A Catastrophe of the Heart - A Billionaire Romance Novel (Romance, Billionaire Romance, Life After Love Book 3)

Page 11

by Nancy Adams


  “We’ll be down in a moment, Pablo,” Sam cried down to him.

  He went back into the bedroom where Jenna was putting her riding boots on while sitting on the old Italian four-poster bed. Sam came up behind her and kissed the side of her neck. She immediately warmed to his lips’ touch, turned her head and affectionately returned his kiss.

  Once Jenna was finished with the boots, the two went downstairs and out to the horses.

  “She’s beautiful,” Jenna said as she came up to her horse, a brown filly with a white spot on her nose.

  Jenna immediately stretched her hand out and stroked the horse on the white spot. The animal, sensing the tenderness in the woman’s touch, dipped her head so that Jenna’s hand could reach up between her ears.

  “She’s very friendly horse, signorina,” Pablo commented.

  Sam came out to his horse, a black specimen with a shock of white hair on his chest.

  “He looks wild,” Pablo said in regards to the black stallion, “but he’s a kind horse who forgives his rider if they are not so skilled.”

  Looking up at Pablo with a smile, Sam remarked, “I’ll be glad of his forgiveness.”

  The Sicilian laughed, and after that Jenna and Sam got on their respective horses. Jenna had grown up in the Arizona wilderness. Her family owned horses, so she was a skilled rider. Sam had ridden horses at various times in his life, always for pleasure, and wasn’t either skilled nor a novice, somewhere comfortably in the middle, you could say.

  The three left the courtyard and entered the small rural lane that led away from the cliff tops where the little villa was perched and down through the valley. It wasn’t long before they left the road and were heading across a mosaic of arid plains rolling along undulated hills with olive trees sticking out everywhere. Then they traveled down into the lush greens of fertile lands, riding the horses through the center of orange groves, the trees full of white blossoming flowers that grew out of the bark of the twisted little branches. Following the oranges, they rode along rows of grapes that sat in regimented columns in the vineyards, waving to the farmers and the local peasants as they strolled along, Pablo exchanging the odd word of Italian with them. Above their heads, the sky was clear and cloudless, and the sun cast the land in torrid waves of heat that bent the air as it rose up from the baking ground.

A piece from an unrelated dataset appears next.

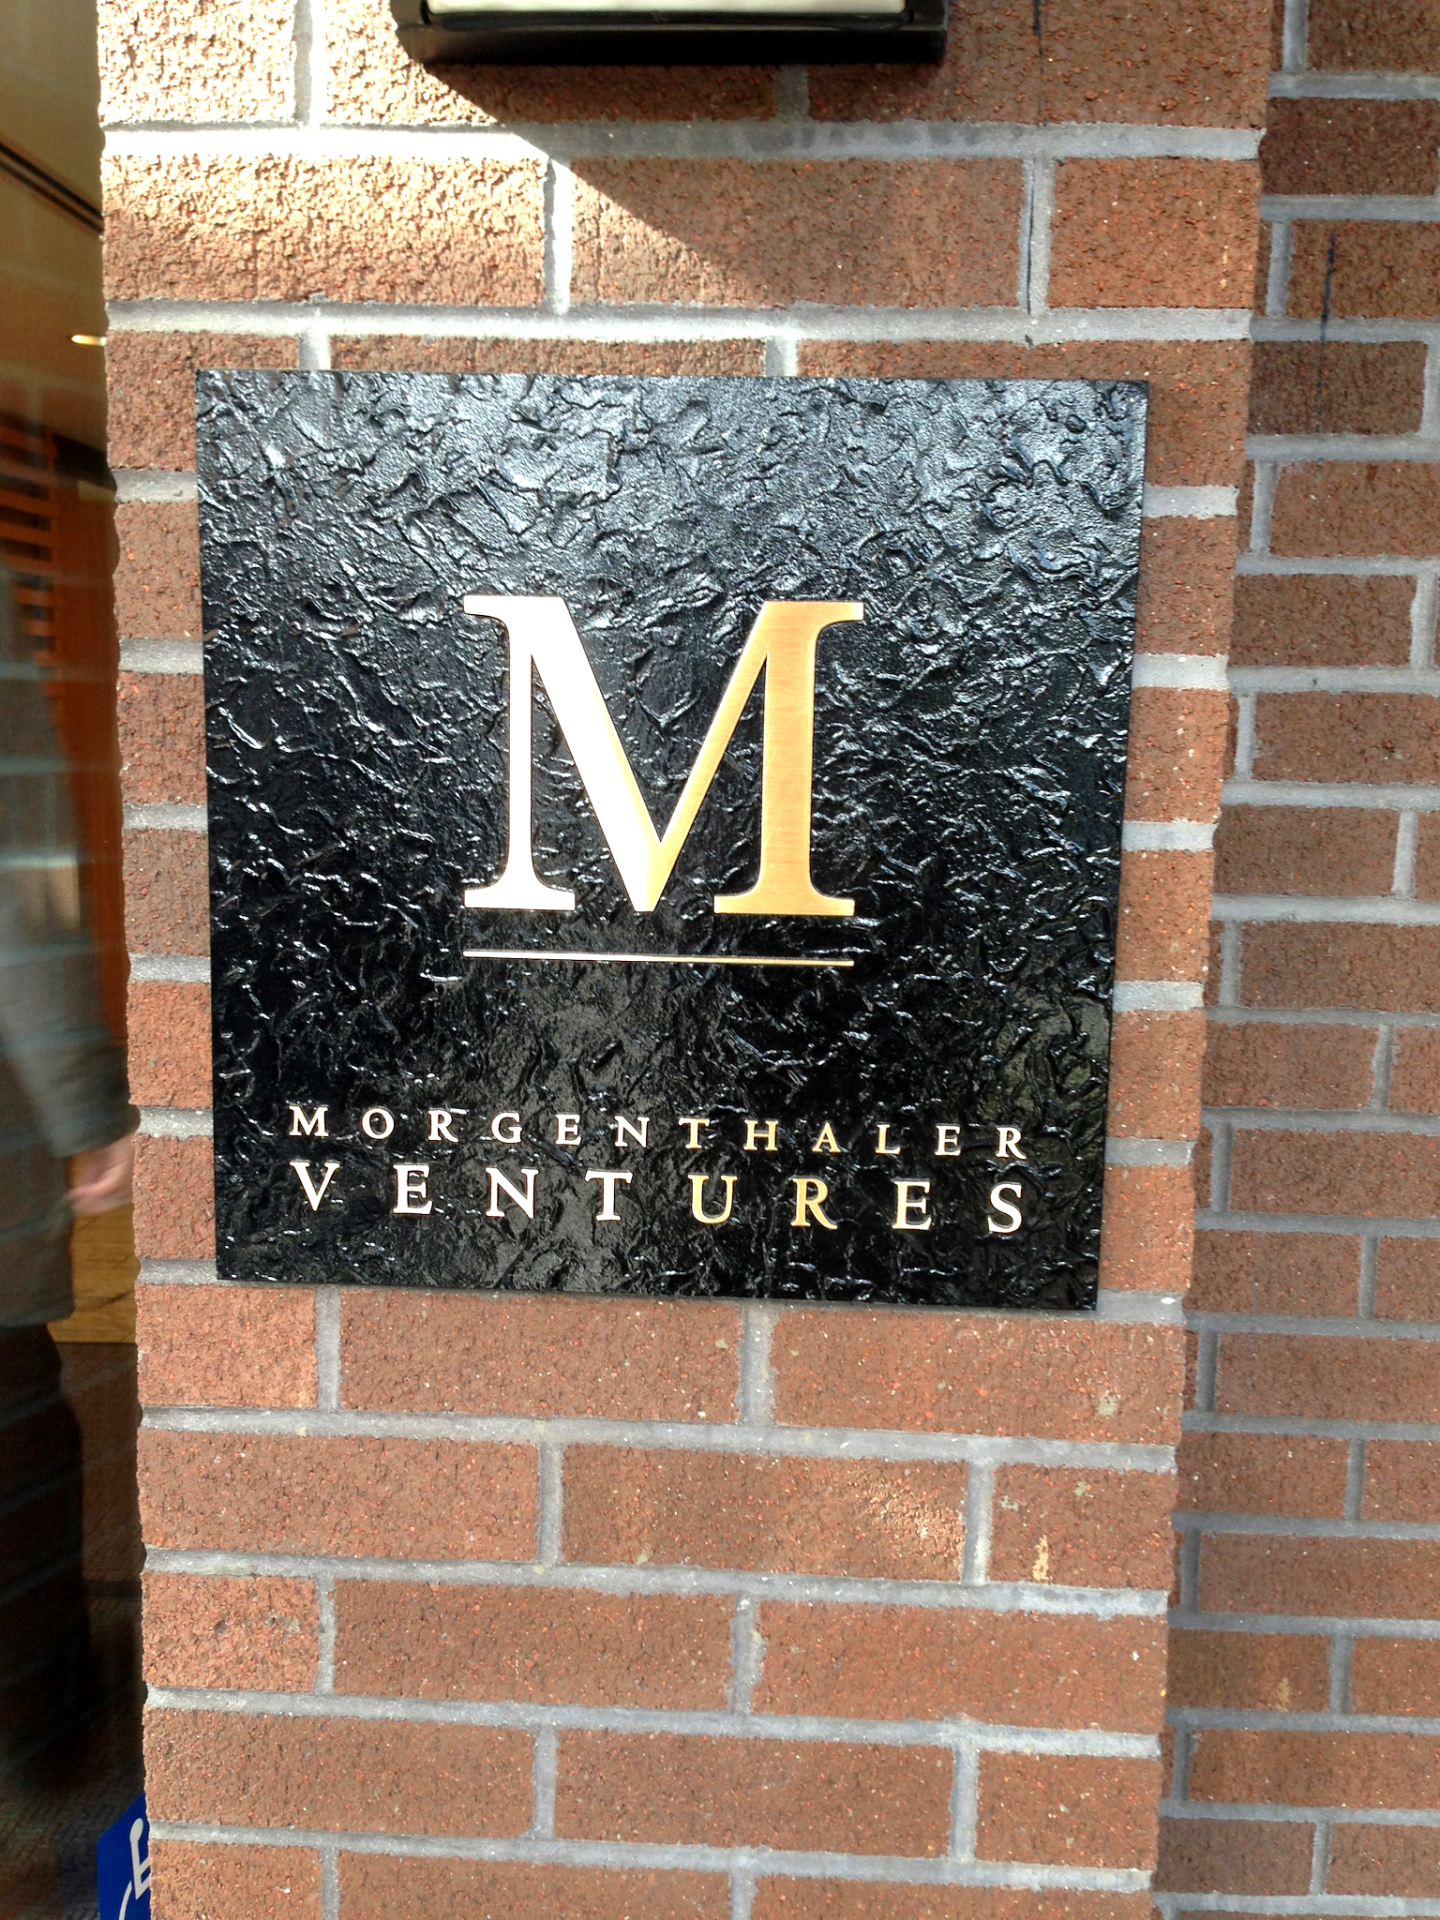 Morgan Thaler Ventures

  At one point, they rode past a farmhouse and the rotund old man that owned it invited them to sit with him and drink lemonade. He was sitting outside the house at a little garden table under the shade of a large umbrella. He was dressed in an all-white suit with a black tie and an old panama hat that suited the rest of his attire. The three agreed to join him and sat down at the table with the old man. When they had, he called into the open door of his house and soon an old woman appeared holding a tray with a jug of iced lemonade and four glasses. Having placed the tray on the table, the old woman bowed before returning to the house. As to the chubby old Sicilian, he was a very jolly chap and constantly cracked jokes in Italian before gazing over at Pablo with an excited look on his face as the latter explained the joke in English to his guests. When Sam and Jenna would then giggle at his wit, the old man would take ahold of his belly with both hands and roar with laughter.

  After sitting with the good-humored old man for an hour or so, they said their goodbyes and left him. But not before the kindly Sicilian insisted that they water and feed the horses first, doing so from his own stables.

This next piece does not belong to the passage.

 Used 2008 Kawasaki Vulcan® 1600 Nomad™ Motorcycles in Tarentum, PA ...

  By the time they reached their intended destination on the other side of the island, the sun was beginning the final part of its long descent below the horizon, and the sky had taken on a darker hue as twilight approached. They stopped the horses as they reached the top of a hill and looked out at the beautiful cliff-side restaurant just ahead of them. It consisted of a small villa that was the kitchen, then a stone balcony built into the cliff’s edge stretching out from the villa, tables dotted all along it, waiters weaving in and out carrying wine and platters, people sitting eating food, drinking local vino, chatting and gazing out at the wondrous expanse of crystal sea that spread out below them.

  Pablo tied the horses up while Sam and Jenna took a table right by the edge, so that they could lean their elbows on the wall and crane their necks to look down the cliff face at the crashing waves below. Once he’d finished with the horses, Pablo took a table just off of the couple so that they could be alone, but so that he could also keep an eye on them. Pablo wasn’t just an expert Sicilian horseman; he was also a skilled bodyguard.

  “This is an incredible spot, Sam,” Jenna commented as she looked down at the waves.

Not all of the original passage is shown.